Someone told me that if I was going to EP (exclusively pump...you have no idea how many baby related abbreviations there are in the breastfeeding world), I needed to go on a pumping spree...every two hours (including some at night)! Those were by far the craziest weeks of my breastfeeding experience. I even pumped in the car....while driving (with a cover of course). This was the beginning of the end for me. I'm not even going to go into the details, but EPing is not an easy decision and is the most time consuming, annoying thing I've ever done. I swore that when it was over I was going to burn my pump (free thanks to the Affordable Care Act), but instead I donated it to a family in need.
It didn't take long for me to tire of the pump and we started supplementing some. Formula is a slippery slope and once I'd agreed to start supplementing, I got a taste of what it was like to be a parent. My life before BF was really and truly all about feeding my
LO. Once I stopped, I had the time and the free space in my brain to
enjoy my
DS. I like to say that for the first 4-5 months of his life I was a milk maker only, but afterwards I finally got to be a parent. It was a loooong road and I'm glad I did it, but I've given up the guilt that comes with not being able to go the long haul. All I can say is that it wasn't for lack of trying.
I can't wait until our second (no time soon), so that I can have a do-over. Every baby is different, even when it comes to nursing. Although sometimes I joke that the next baby will get only formula and we'll do our own test to see whose IQ is higher, I'm definitely going to give it another shot.

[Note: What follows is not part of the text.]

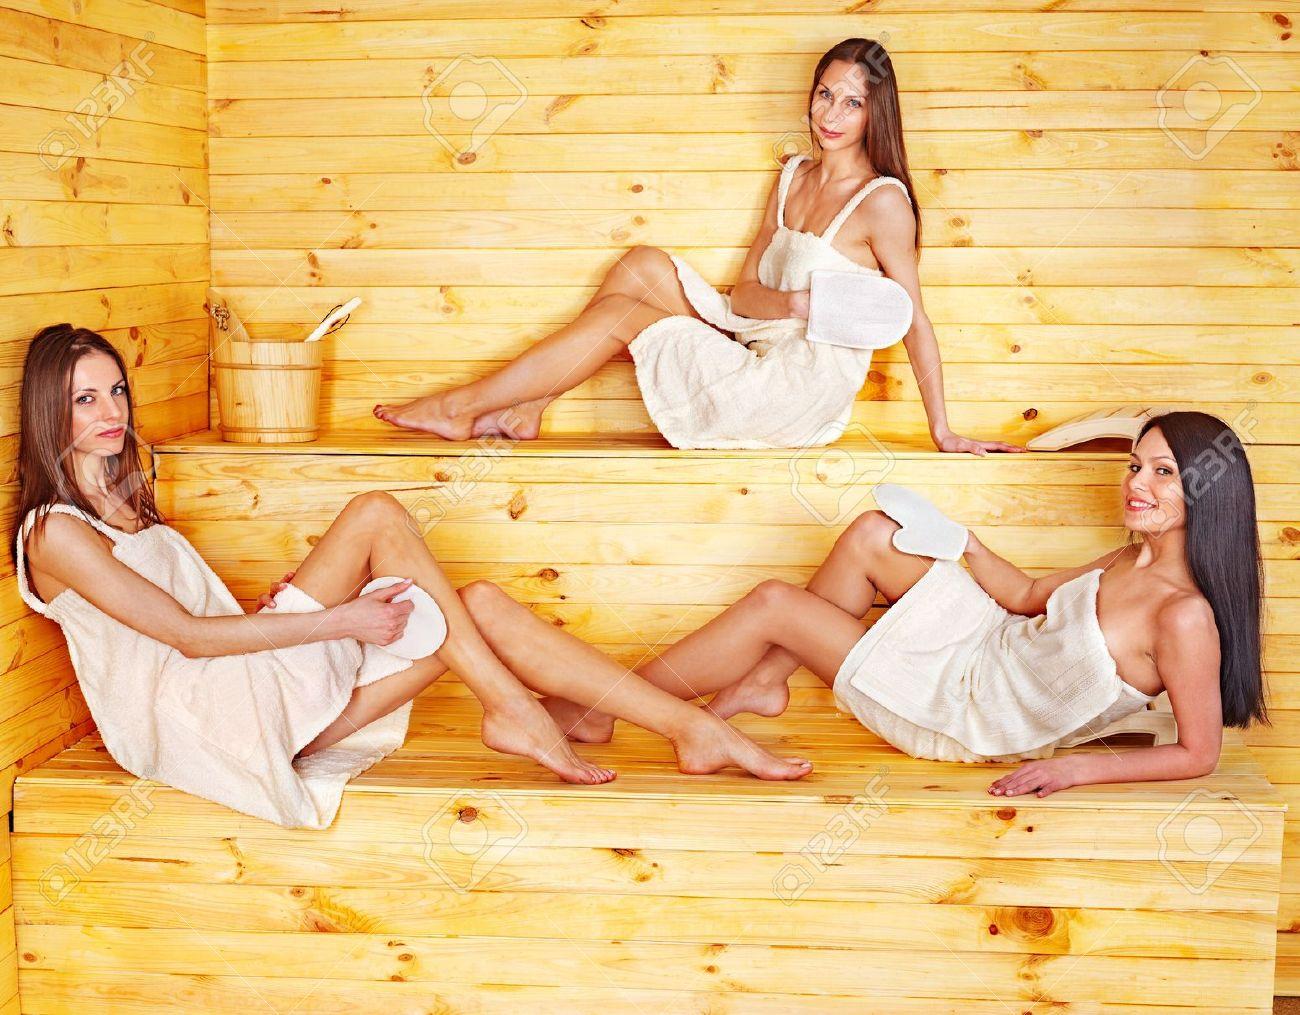 Финки и просто красавицы в бане 12 фотография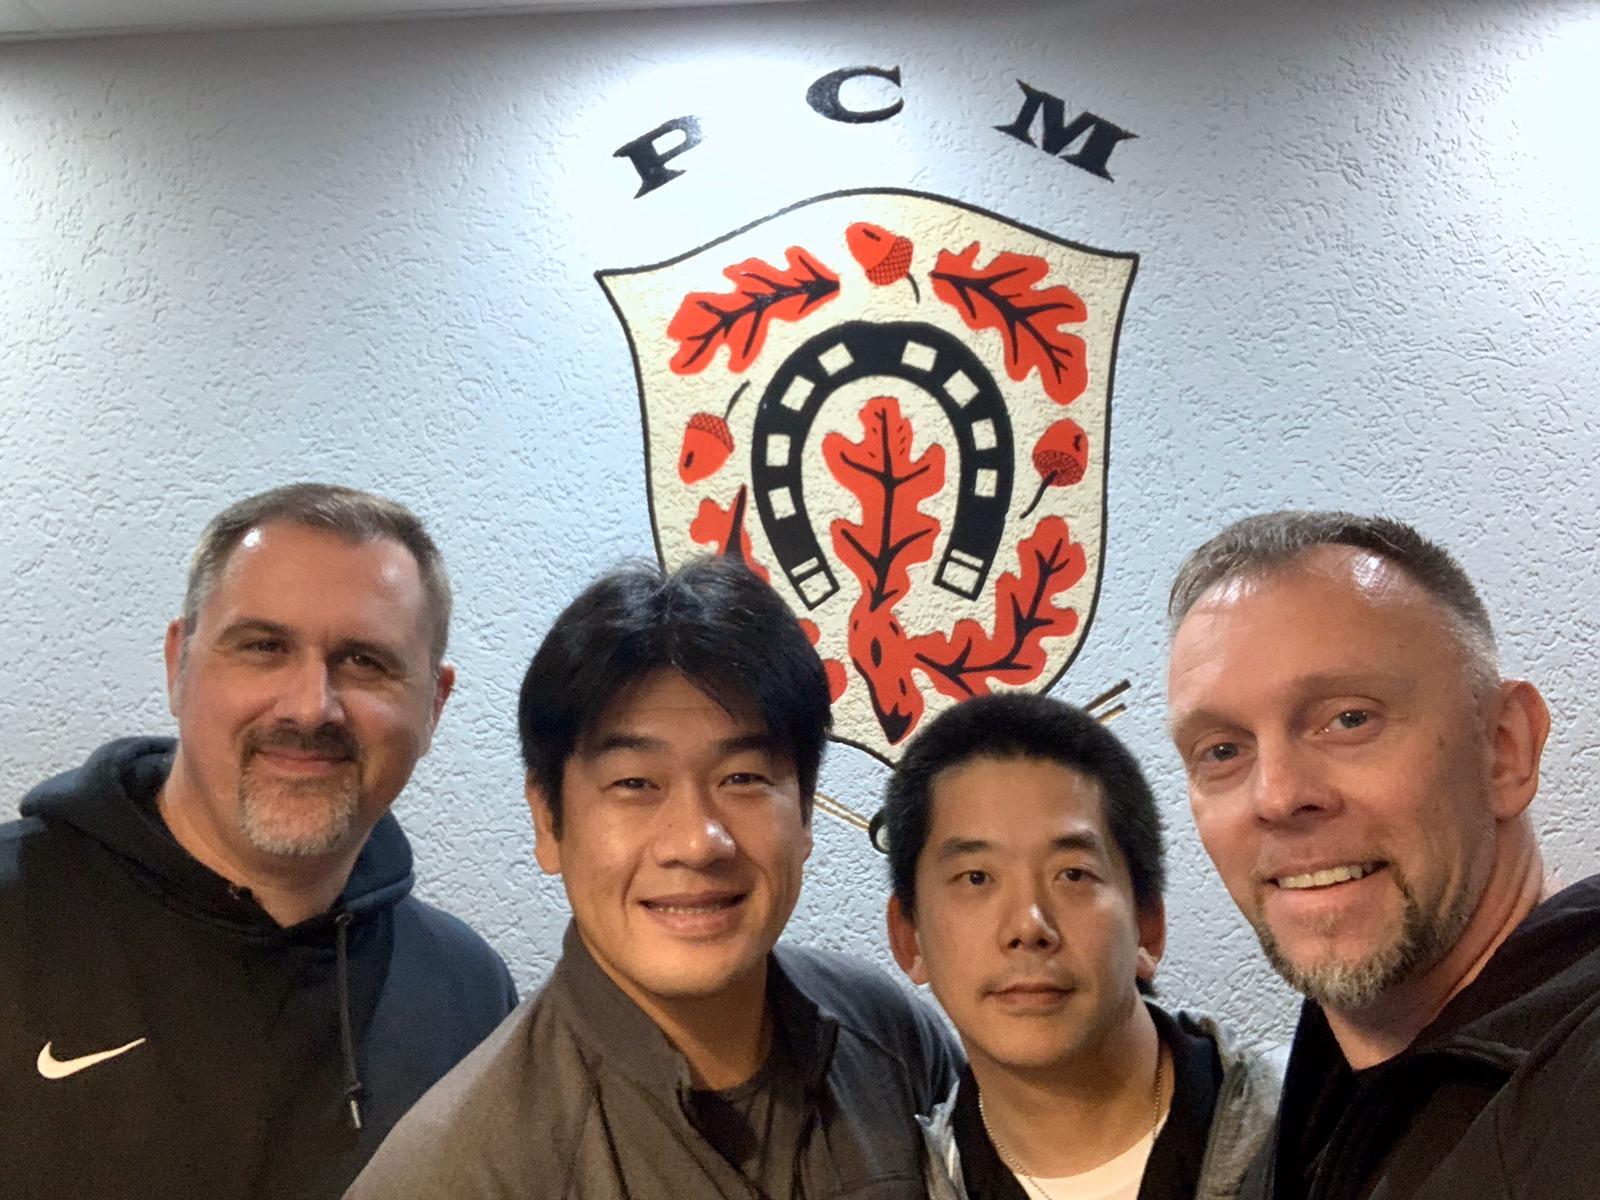 Besuch aus Japan zu Gast beim BV Mörfelden-Walldorf

I have debated a long time about whether to publish this blog because it seems a little depressing and hopeless and with as many new mommy friends as I know, I don't want to be discouraging. I really think it was worth the try and, had I had more milk, it's something I definitely wanted to continue. Everyone has different experiences and just because it didn't work for me (long term), doesn't mean it won't for others. I just think my story is worth telling because, for a long time, it seemed like I was only around people who were, for the majority,
successfully nursing. On one of my darker days I googled "why not formula" and I found some
very reassuring information and read one blog about how when the
mother's happiness and sanity are in peril, then it's okay to think
about formula. I just had such a hard time giving myself permission to
throw in the towel.
I really wish this blog were more eloquent, but I guess the bottom line is that motherhood is difficult and filled with confusion, worry, and disappointment. Luckily, there are tons of other emotions that help overshadow the difficult times!